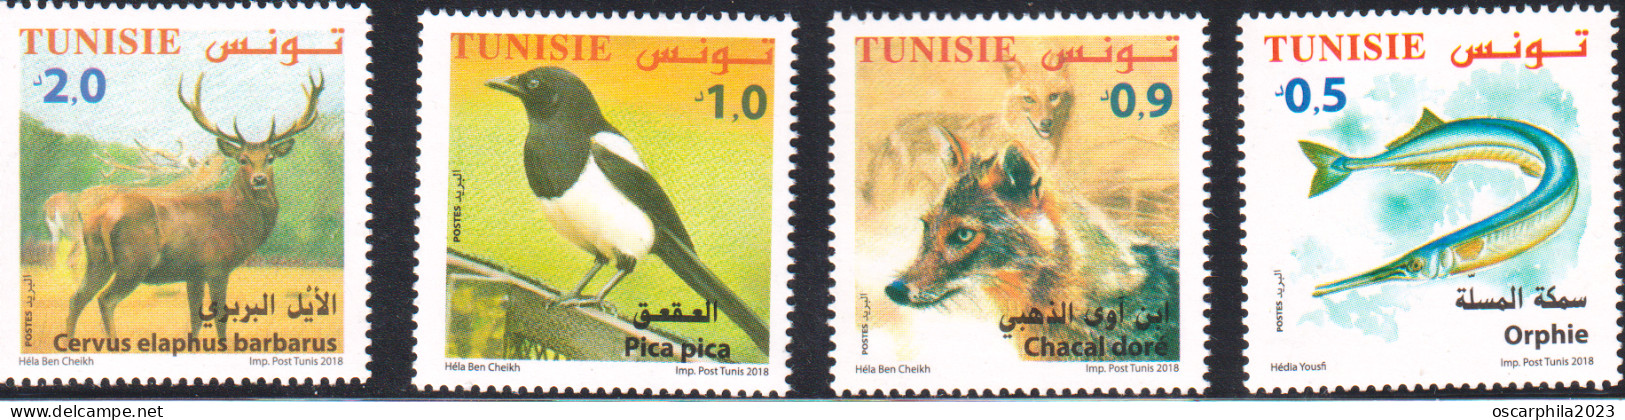 2018-Tunisie- Faune Terrestre, Maritime-Orphie, Chacal Doré, Pica Pica, Cervus Elaphus-série Complète 4V+FDC -MNH***** - Climbing Birds
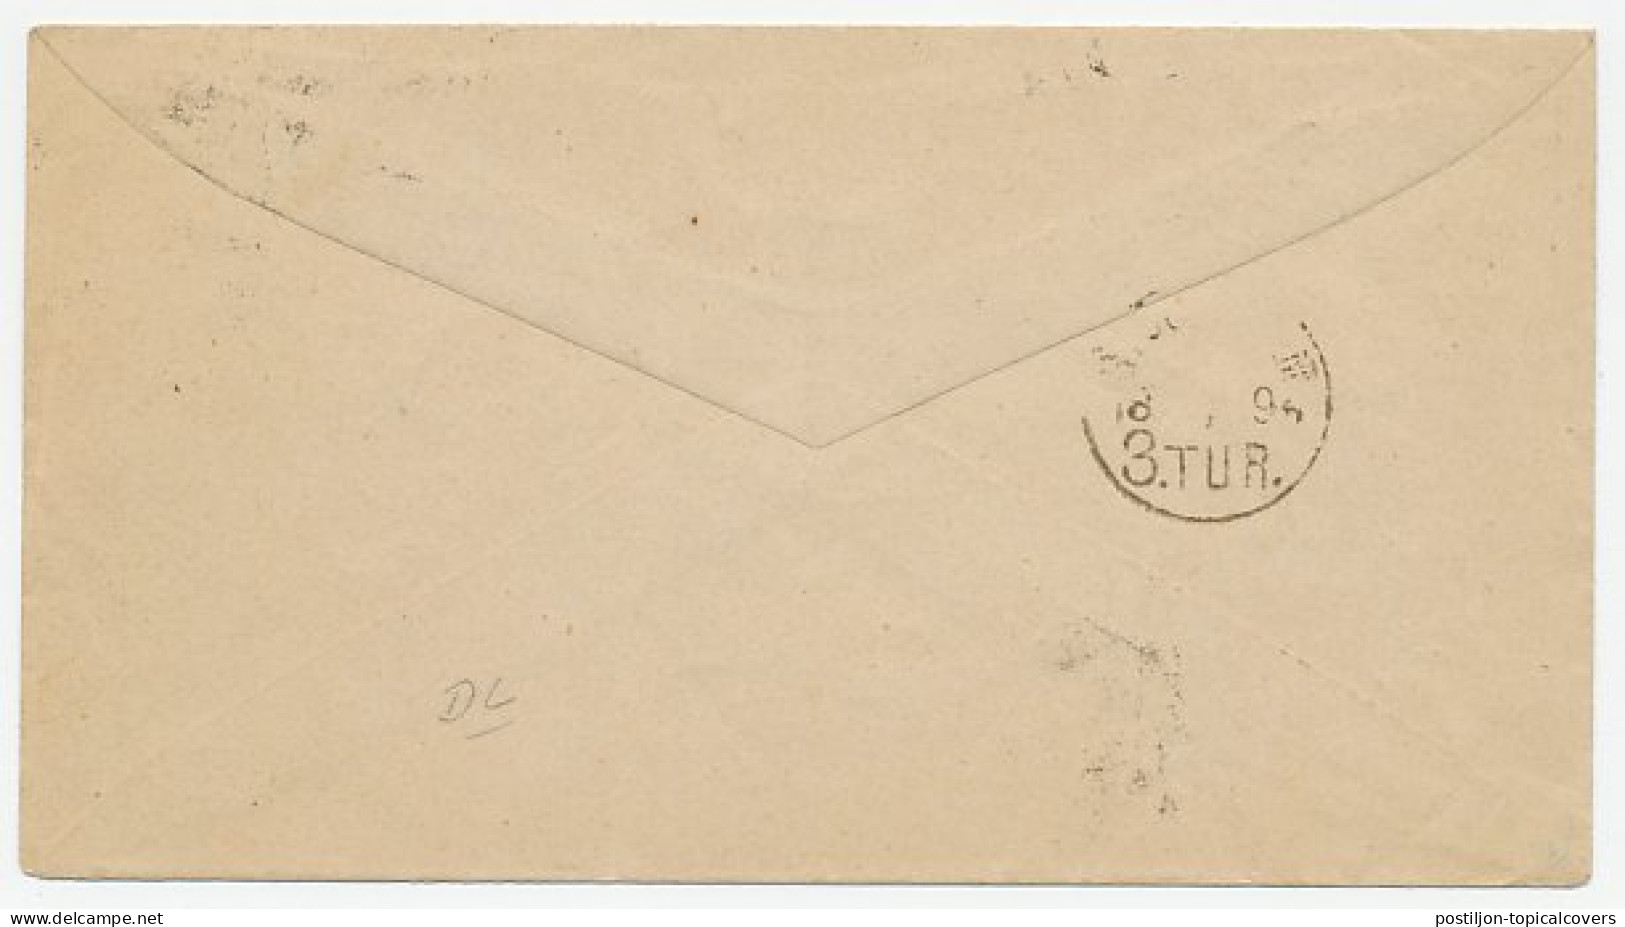 Envelop G. 5 / Bijfrankering Deventer - Zweden 1894 - Postal Stationery
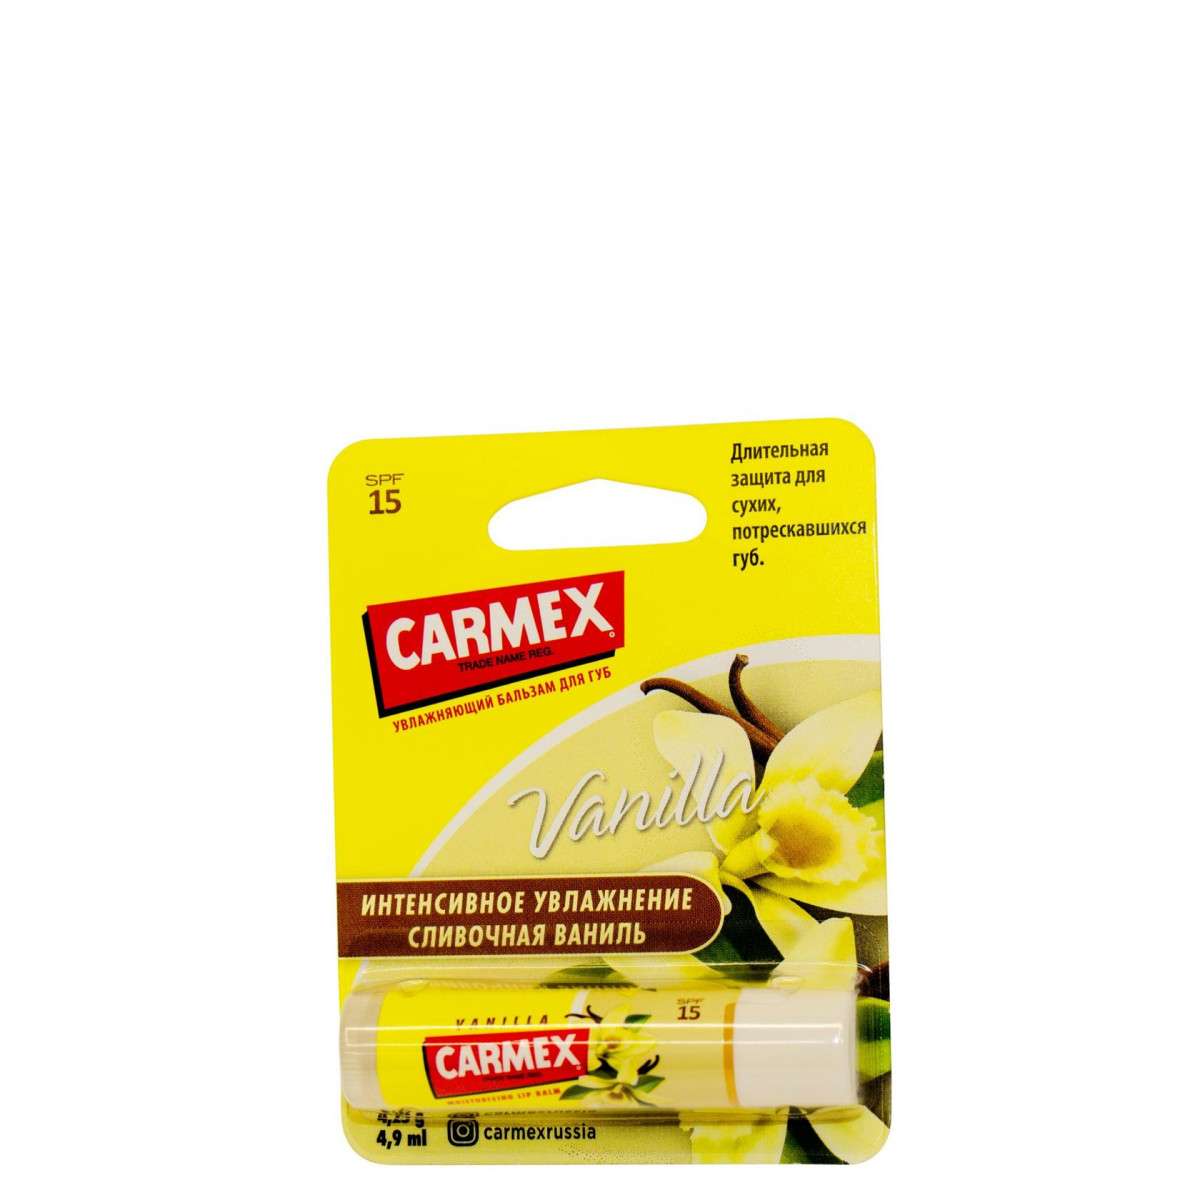 Carmex Бальзам для губ Vanilla
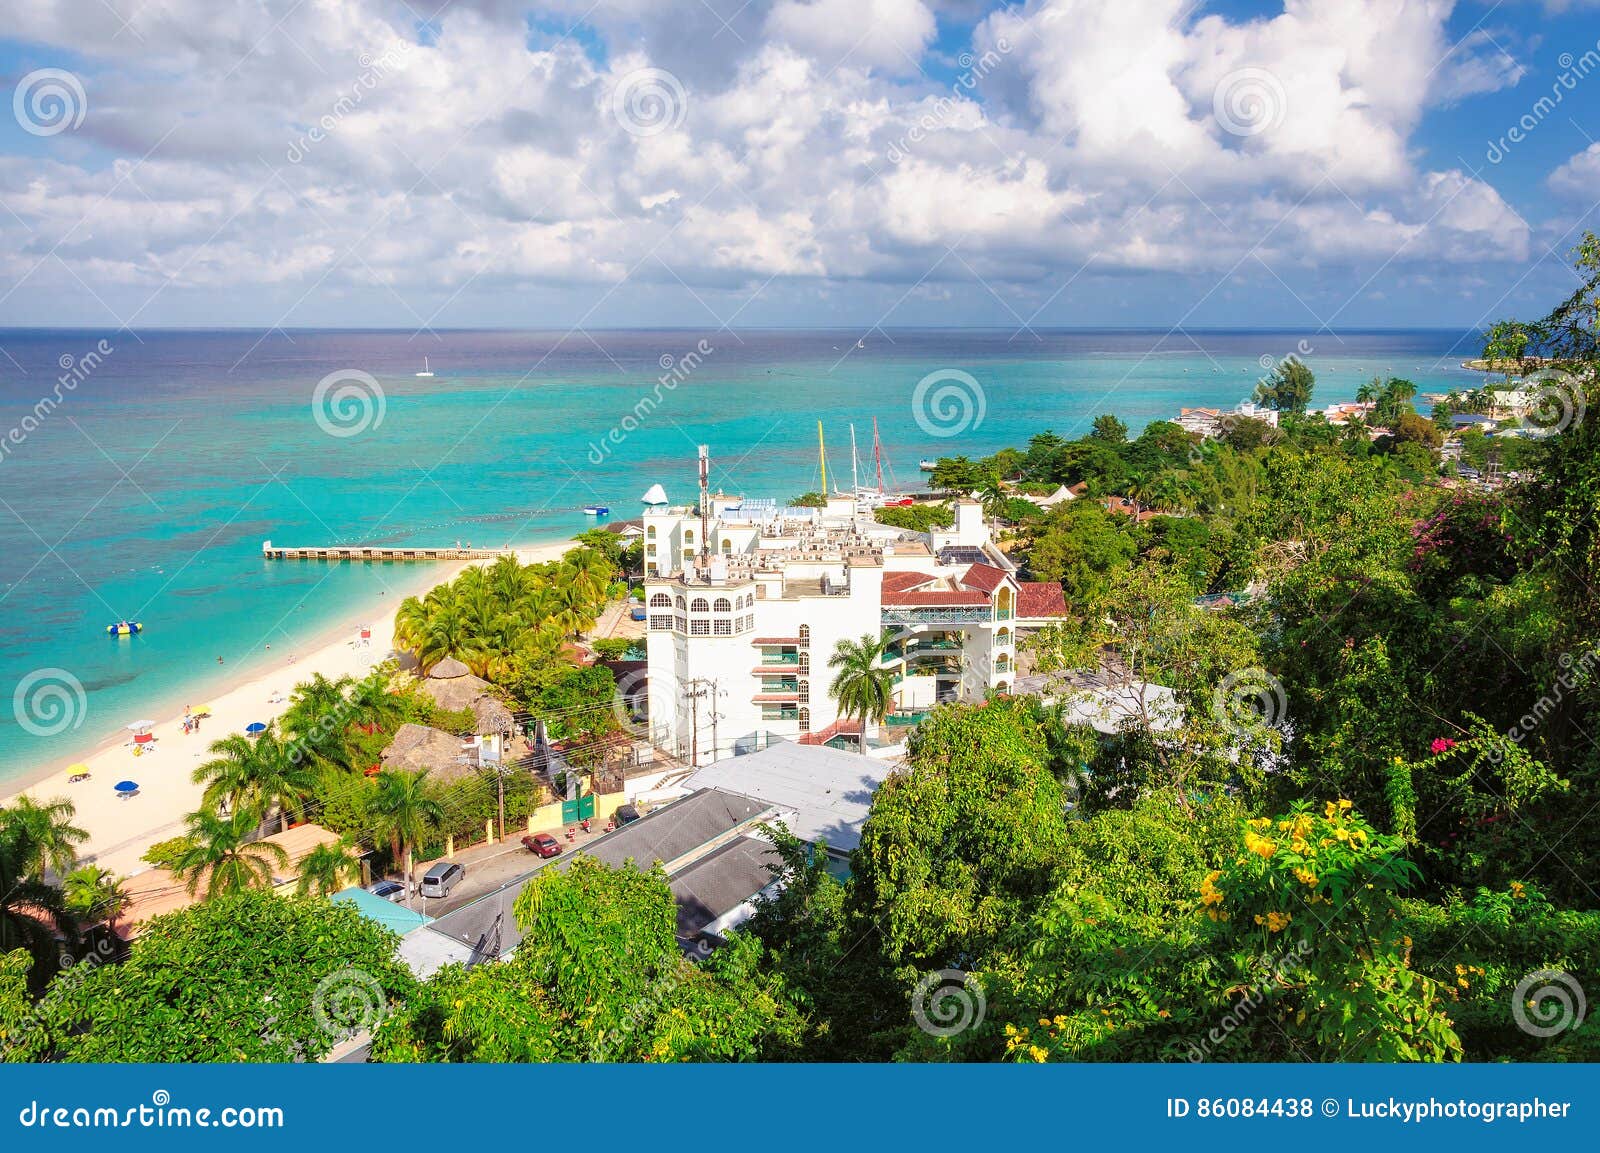 jamaica beach, montego bay
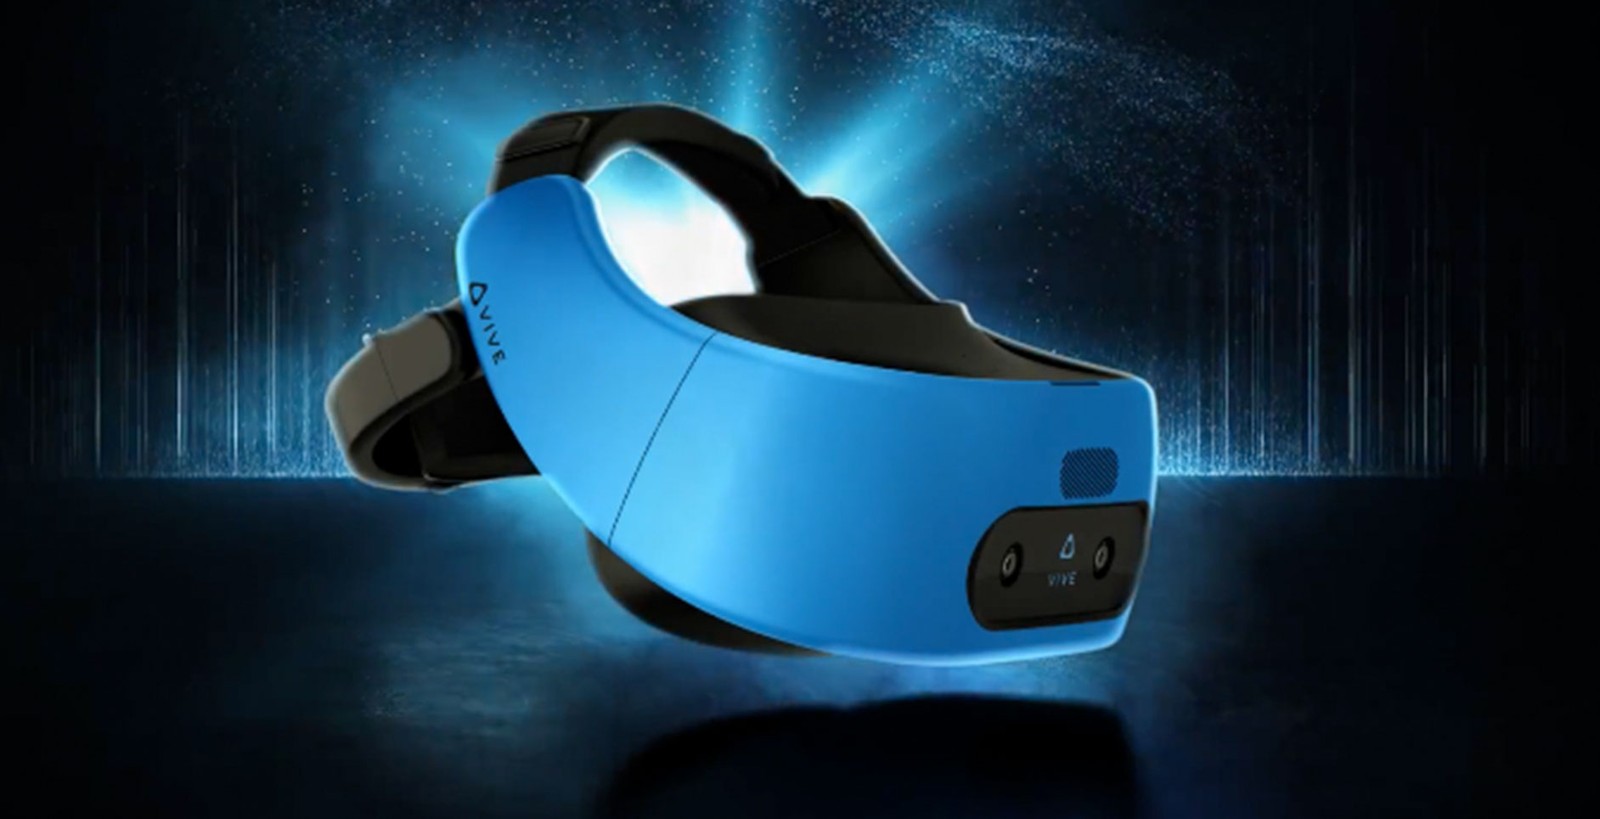 HTC pokazało bezprzewodowy zestaw VR – Vive Focus

▶ **Task directions**:
Where images occur in the data above, leave them out and repeat everything else exactly.

▶ **Answer space**:
 2018-Tunisie- Faune Terrestre, Maritime-Orphie, Chacal Doré, Pica Pica, Cervus Elaphus-série Complète 4V+FDC -MNH***** - Climbing Birds
 Envelop G. 5 / Bijfrankering Deventer - Zweden 1894 - Postal Stationery
 Carmex Бальзам для губ Vanilla
 jamaica beach, montego bay
 HTC pokazało bezprzewodowy zestaw VR – Vive Focus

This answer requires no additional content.